Critique de OPPENHEIMER

Le métronome Christopher Nolan a décidé de poursuivre sa carrière en tranchant net avec son précédent film tout en gardant cette ligne directrice qui le distingue de ses autres confrères. Sa façon de se diversifier (le comic-book movie, le thriller, le film SF, le film de guerre et maintenant le biopic) c’est aussi une manière de montrer qu’il peut tout faire sans jamais enlever ce qui fait sa force. OPPENHEIMER est un pur film « nolanien » dont la maîtrise technique et narrative demeure étourdissante.

Il faut du courage pour bombarder à ce point son public de sons, d’images, de dialogues, d’informations durant trois heures. L’Histoire s’écrit devant nos yeux avec un mélange temporel dingue qui ne nous lâche pas une seule seconde. Nolan n’aime pas quand son cadre ne vit pas alors il le sublime à chaque instant. OPPENHEIMER en devient une expérience totale, sidérante de puissance cinématographique. Son portrait du père de la Bombe Atomique fait froid dans le dos, mais il a l’intelligence de ne jamais trancher sur cet homme aux multiples paradoxes. Il plonge littéralement dans la tête aussi géniale que malade d’un être humain doté de capacités hors normes. Il le décortique, le met (littéralement) à nu tout en le menant vers une inéluctable culpabilité. Pour jouer ces nombreuses facettes, il peut compter sur un acteur lui aussi exceptionnel : Cillian Murphy. Son regard profond image parfaitement les questionnements internes du physicien tandis que la caméra se confronte à ce visage marqué et intense : Nolan et son excellent directeur photo Hoyte van Hoytema (qui a déjà travaillé avec le cinéaste sur INTERSTELLAR, DUNKERQUE et TENET, mais a aussi shooté 007 SPECTRE, AD ASTRA et NOPE) redéfinissent la valeur d’un gros plan et la puissance formelle que celui-ci est en capacité d’induire.

Une Histoire à suivre

Comme il l’avait fait avec DUNKERQUE, Christopher Nolan s’empare d’un genre très balisé pour le retravailler et l’emmener dans une autre direction. Avec sa fameuse obsession du temps, il déroule un récit non linéaire qui pourra éventuellement perdre celui ou celle pour qui les cours d’Histoire étaient une corvée. Le jargon politique, physique et contextuel arrive par vagues successives et il faut parfois

s’accrocher pour ne pas se perdre en cours de route. Surtout dans une dernière heure prodigieuse qui ne laisse aucun répit. D’ailleurs, OPPENHEIMER nous délivre trois heures d’une grande densité, rythmé par l’oppressante BO de Ludwig Goransson et une mise en scène sans aucun temps mort. Le cinéaste se révèle encore une fois parfait dans la direction d’acteurs et permet à son casting de nous offrir des performances de haute volée : outre Murphy, Robert Downey Jr. détonne dans la peau du troublant Lewis Strauss (et rappelle à ceux qui l’ont oublié qu’il était un formidable comédien bien avant Iron Man), Matt Damon assure comme à son habitude, Josh Hartnett surprend dans la peau d’Ernest Lawrence (il a une présence qu’on ne lui soupçonnait pas), Emily Blunt est impeccable en épouse blessée mais tenace tandis que tous les seconds couteaux sont mémorables (Florence Pugh, Rami Malek, Benny Sadfie, Casey Affleck, Dans DeHaan, Jason Clarke, Alden Ehrenreich). Mention spéciale à Gary Oldman qui, en une apparition, parvient à être véritablement terrifiant dans la peau du Président Truman.
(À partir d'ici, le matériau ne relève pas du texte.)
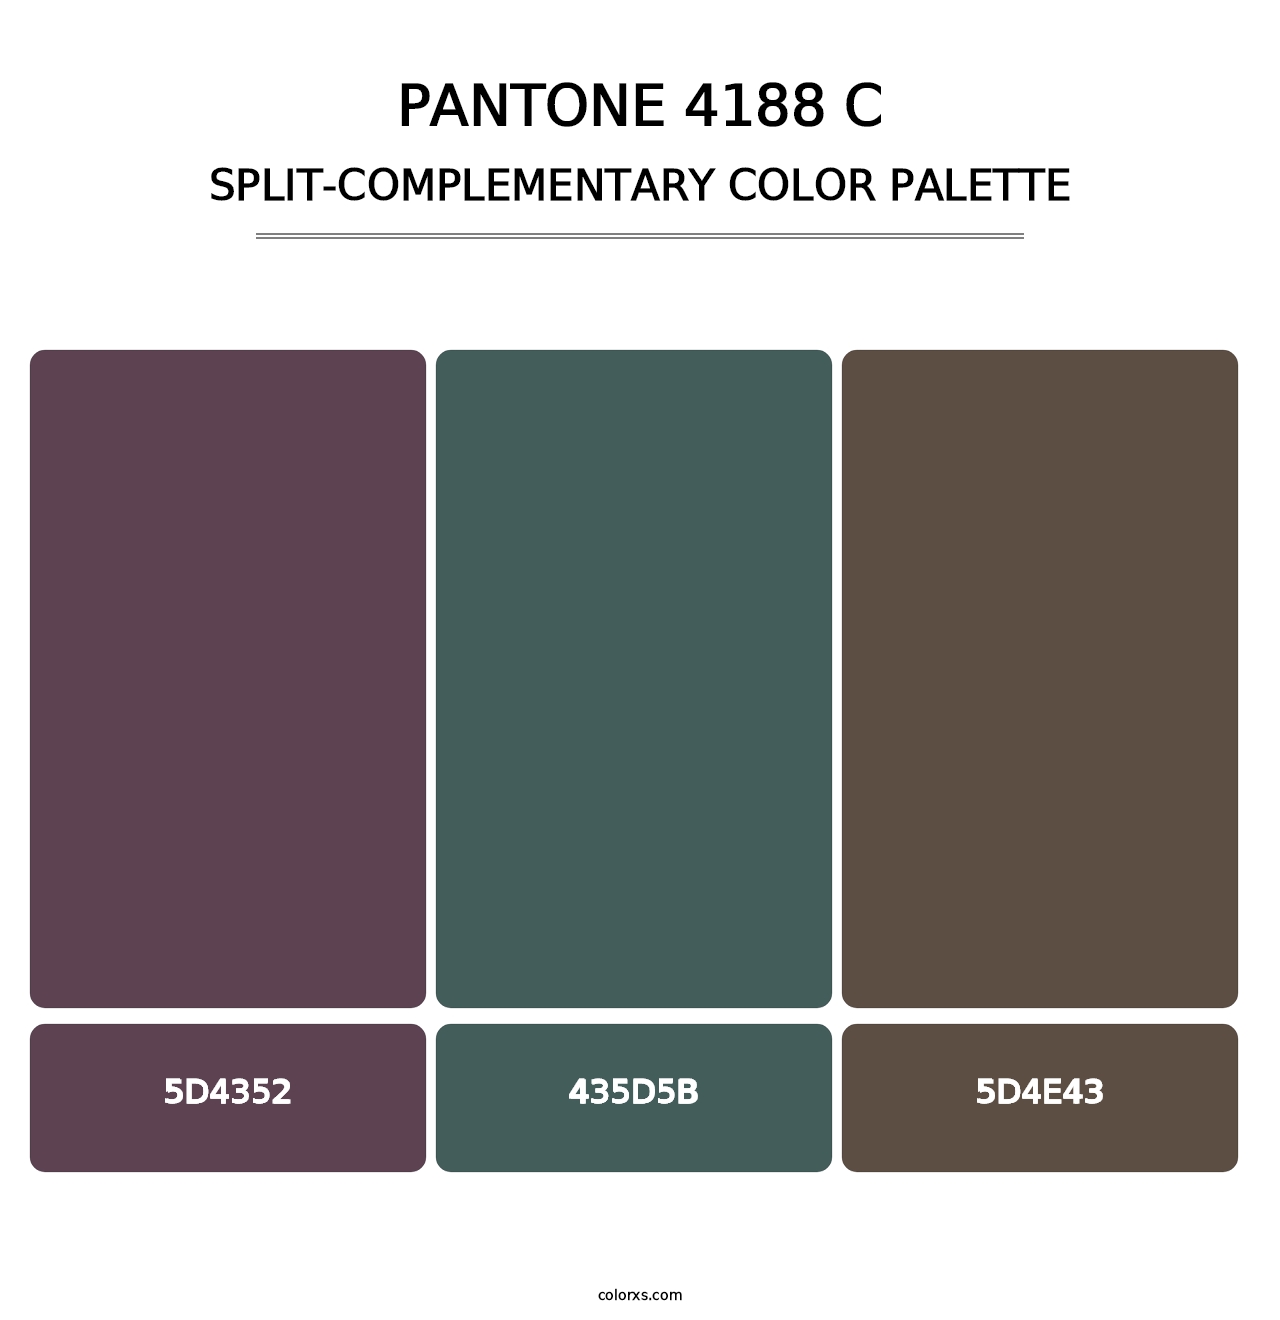 PANTONE 4188 C - Split-Complementary Color Palette

Admettons-le, il fallait tout le génie de Chris Nolan pour réussir à rendre passionnant un biopic sur Robert Oppenheimer. Il transforme celui en un thriller fascinant et anxiogène, décortiquant une personnalité troublante, tempétueuse et extraordinaire. Un homme dont l’esprit semble constamment en ébullition et contenu dans une scène finale aussi troublante que glaçante. Un grand film, assurément.

AVIS GLOBAL : Tourbillon de sons et d’images, OPPENHEIMER est une expérience saisissante qui capture l’esprit hors normes d’un homme troublé. Aidé par un casting impeccable, Christopher Nolan nous offre une fois de plus un film à nul autre pareil.

NOTE :

Note : 4.5 sur 5.

OPPENHEIMER est actuellement disponible dans les salles de cinéma.